Surah Al-Kahf Ayat 9
اَمْ حَسِبْتَ اَنَّ اَصْحٰبَ الْكَهْفِ وَالرَّقِيْمِ كَانُوْا مِنْ اٰيٰتِنَا عَجَبًا ٩
9. Apakah engkau mengira bahwa orang yang mendiami gua, dan (yang mempunyai) raqim itu, termasuk tanda-tanda (kebesaran) Kami yang menakjubkan?
Tafsir
Allah menerangkan bahwa apakah Nabi Muhammad mengira bahwa kisah Ashhabul Kahf beserta raqim (batu tertulis) sebagaimana yang tersebut dalam kitab-kitab lama adalah tanda-tanda kekuasaan Allah yang paling menakjubkan.

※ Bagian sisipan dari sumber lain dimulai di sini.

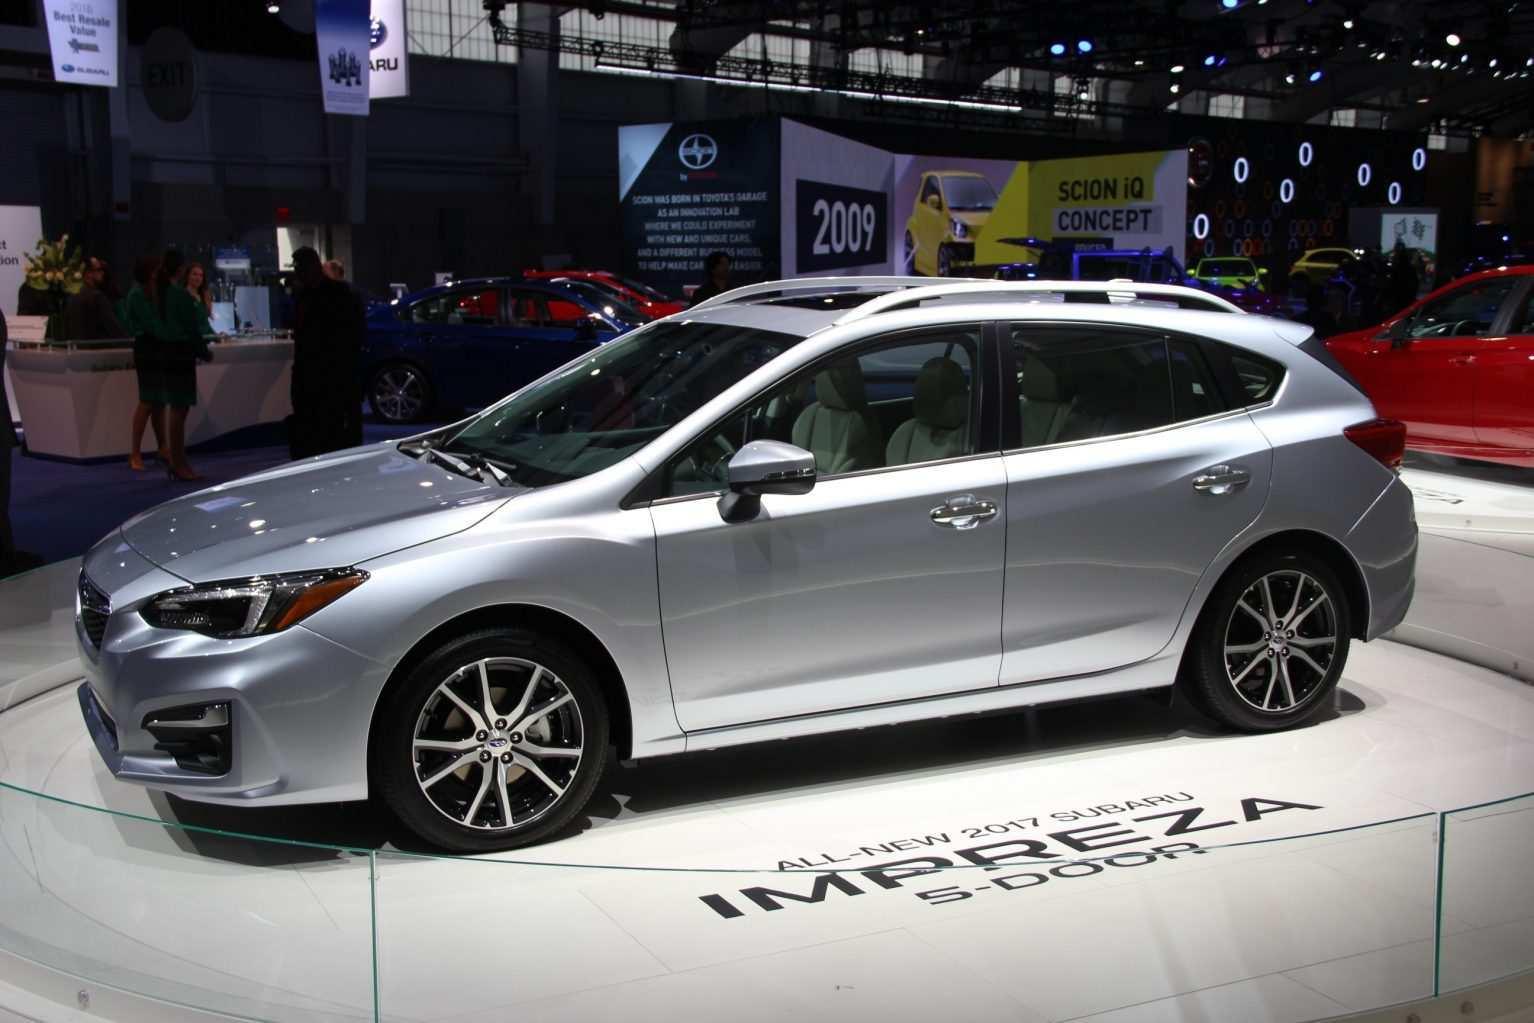 91 Gallery of Subaru 2019 Hatchback Exterior for Subaru 2019 Hatchback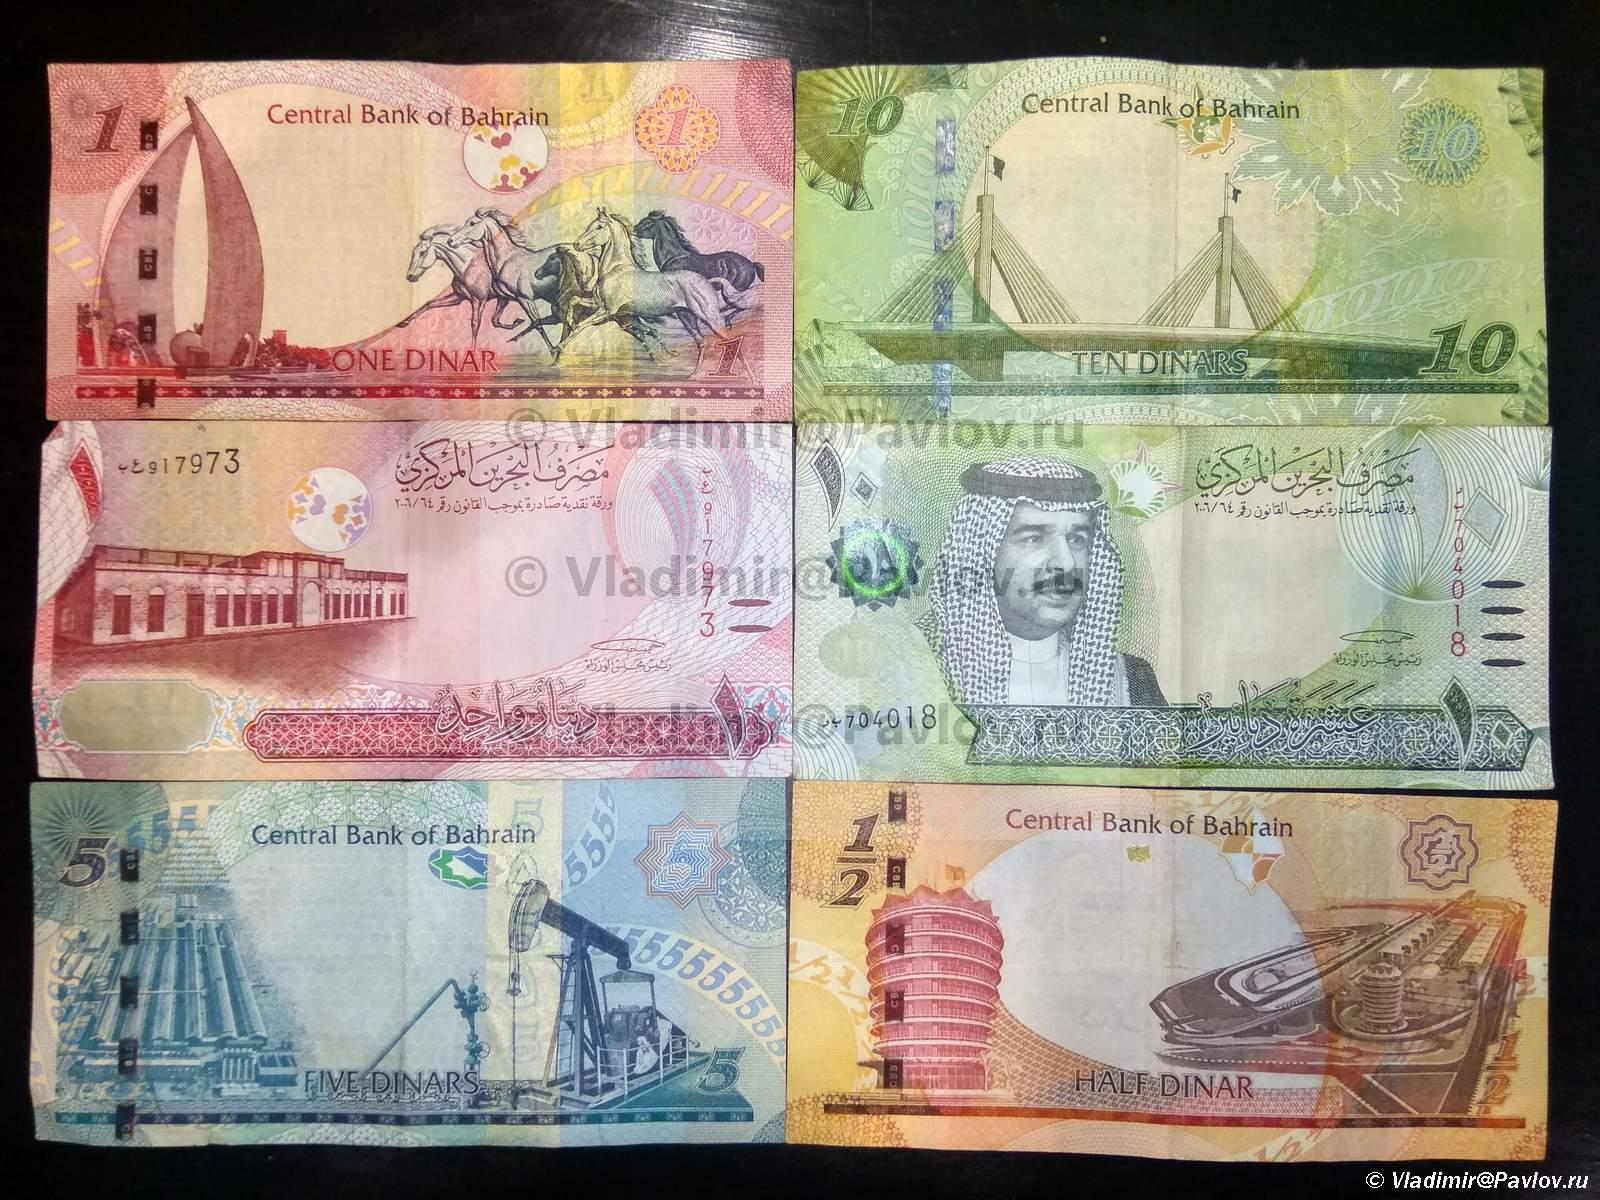 Valyuta Bahrejna bahrejnskie dinary BHD. Kurs dinara 26589 amerikanskih dollarov  - Полезная информация о Бахрейне для туристов

Memang jika dilihat, peristiwa Ashhabul Kahf berlawanan dengan hukum alam. Akan tetapi, jika dibandingkan dengan berbagai kejadian pada tumbuh-tumbuhan, binatang-binatang, dan segala mineral yang merupakan perhiasan di atas bumi ini, maka kejadian ini memang menakjubkan. Tujuannya adalah untuk menunjukkan kebesaran dan kekuasaan Allah. Namun demikian, peristiwa Ashhabul Kahf itu bukan satu-satunya tanda kekuasaan Allah, tetapi hanya sebagian kecil dari bukti keagungan-Nya. Sekiranya para ulama agama lain merasa kagum dan terpesona oleh peristiwa tersebut, maka Rasulullah dan umatnya seharusnya lebih terpesona lagi oleh berbagai fenomena alam semesta dengan segala keajaibannya. Kejadian langit dan bumi, pergantian siang dan malam, peredaran matahari, bulan, planet, dan bintang-bintang atau bagaimana Allah menghidupkan kembali segala sesuatu yang telah mati, semua itu merupakan bukti-bukti yang menunjukkan kekuasaan Allah. Dia berbuat menurut kehendak-Nya, tidak seorang pun yang menolak ketetapan-Nya. Oleh karena itu, Al-Qur’an selalu mengajak manusia untuk menyelidiki rahasia alam semesta ini.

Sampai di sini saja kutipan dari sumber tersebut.